Laurie whipped a finger into the air and dragged it across Jen's chocolate-smeared face. She inspected her now-chocolate stained finger furiously before shoving it into Jen's face.

"What's this, chubby?" she sneered. "Chocolate? Well, isn't this nice. Can't go without your snack, can you, Jen? You're disgusting."

Jen swallowed the chocolate in her mouth and started to protest. "Like, it's just one candy bar-"

"Just one candy bar," said Laurie, whipping around. She walked back and forth, her large, unsupported bust bobbling with each step, her shiny black tresses whipping behind her. "And just one more after that. And another and another and pretty soon, THIS is the result!" She grabbed a handful of garments out of the cardboard box and threw them at the assembled cheerleaders.

"New uniforms. You need them, seeing as you're just about ready to bust out of the old ones. All of you. Especially YOU, Jen."

Jen began to protest again as the other girls inspected the new outfits, but a devilish wink from Laurie told her that the entire tirade had been a farce. Laurie needed to put the fear of god back into these blubberbutts and an "attack" on her favorite lapdog was exactly the thing to show them that no one was safe from the wrath of Laurie.

Alice, too, had caught the wink, so she wasn't surprised when Laurie looked her up and down with a cold, calculating gaze.

"And don't think you're off the hook either, tubby," said Laurie, poking Alice in her soft tummy. "I want all of you changed and on the field now! Get to it! I'll whip you all into shape - and I mean a shape that isn't round - see if I don't!"

"We can't wear these!" protested Kristine, holding up the skimpy garment. "These are obscene! We're going to get in trouble!"

There were murmurs of agreement from the rest of the squad. Even Jen and Alice had to agree that these new uniforms were ridiculous. But Laurie just snarled, her full lips curling, and the girls were silent. 

For the next fifteen minutes, the locker room was silent but for the grunts and groans of five chubby cheerleaders trying to stuff five wide rumps into five tiny pairs of spanky pants. It took a while, but, finally, they were on.

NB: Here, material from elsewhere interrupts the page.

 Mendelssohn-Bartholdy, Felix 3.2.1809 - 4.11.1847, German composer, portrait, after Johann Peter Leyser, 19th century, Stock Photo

It was obvious from looking at them that these uniforms wouldn't last long. They might have looked sexy when the girls were thinner, but now they just looked ridiculous, if not obscene. Jen's butt cheeks hung out of the legs of the shorts, the side seams creaking whenever she moved. Alice's clung tightly to every part of her apple-shaped frame. 

Only Denise was able to fit in hers; in fact, she was practically swimming in it! It was almost ridiculous how Denise alone seemed to be immune to the slow inflation that had affected every other cheerleader in school.

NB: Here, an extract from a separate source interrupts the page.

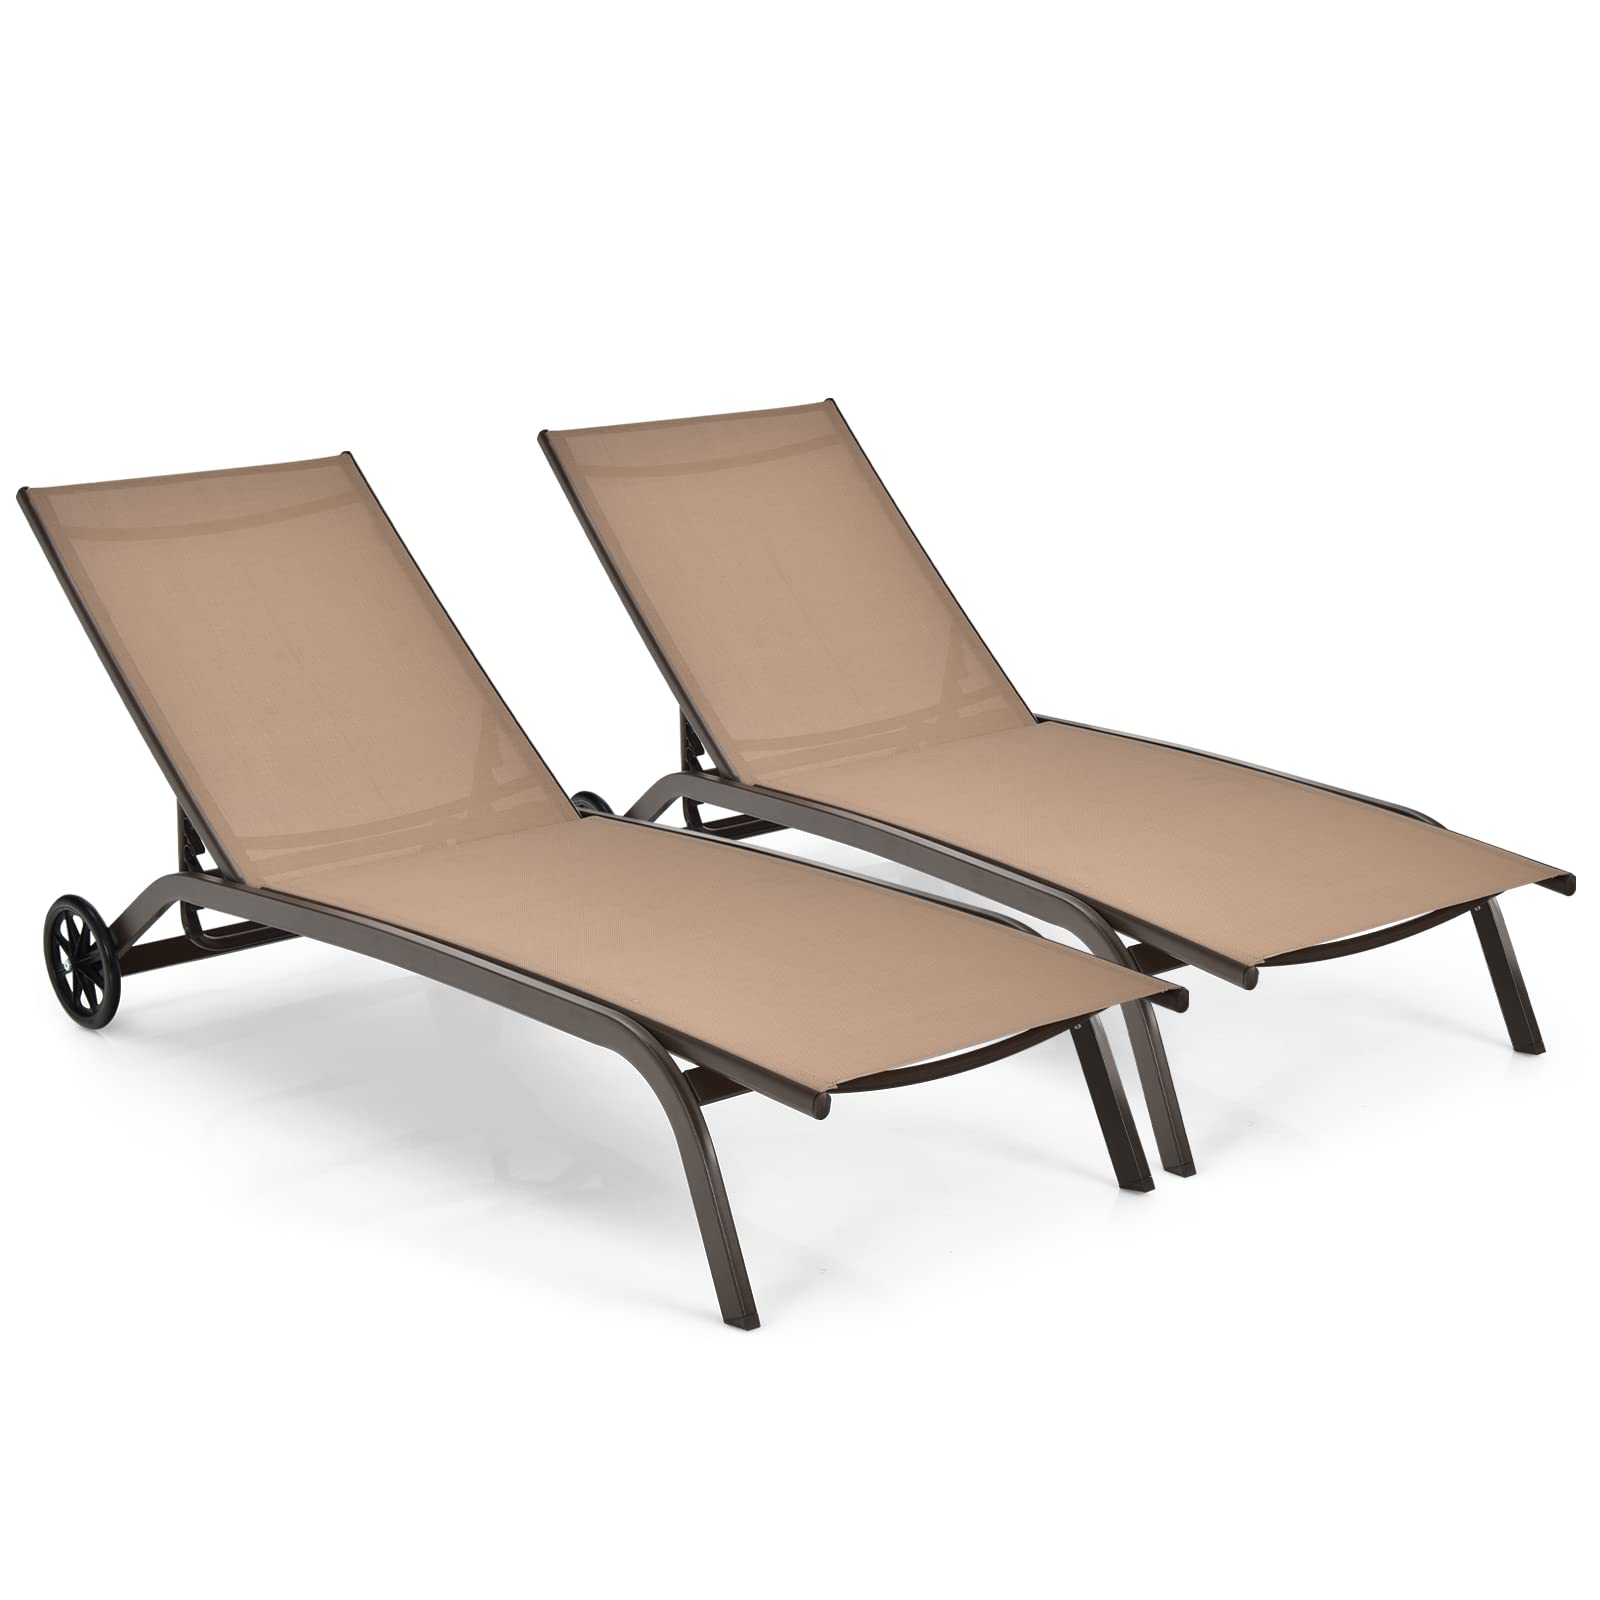 Giantex Patio Lounge Chairs for Pool Area

There was no time for mulling that quandary, however, as Laurie hustled the chunky cheer squad out of the locker room and onto the field. As they waddled into formation, Laurie cast a withering glare over her teammates. Pathetic!
Of course, she knew WHY they'd been performing so poorly lately. Laurie knew exactly why. But that was her little secret for now, and this was something that she hadn't even shared with Jen. But she would. Soon.

In the meantime, she needed to show these marshmellows a thing or two about cheering.

On the field, the entire squad was completely pathetic; they could barely do the routine. Heck, they could barely do the warm-up exercises.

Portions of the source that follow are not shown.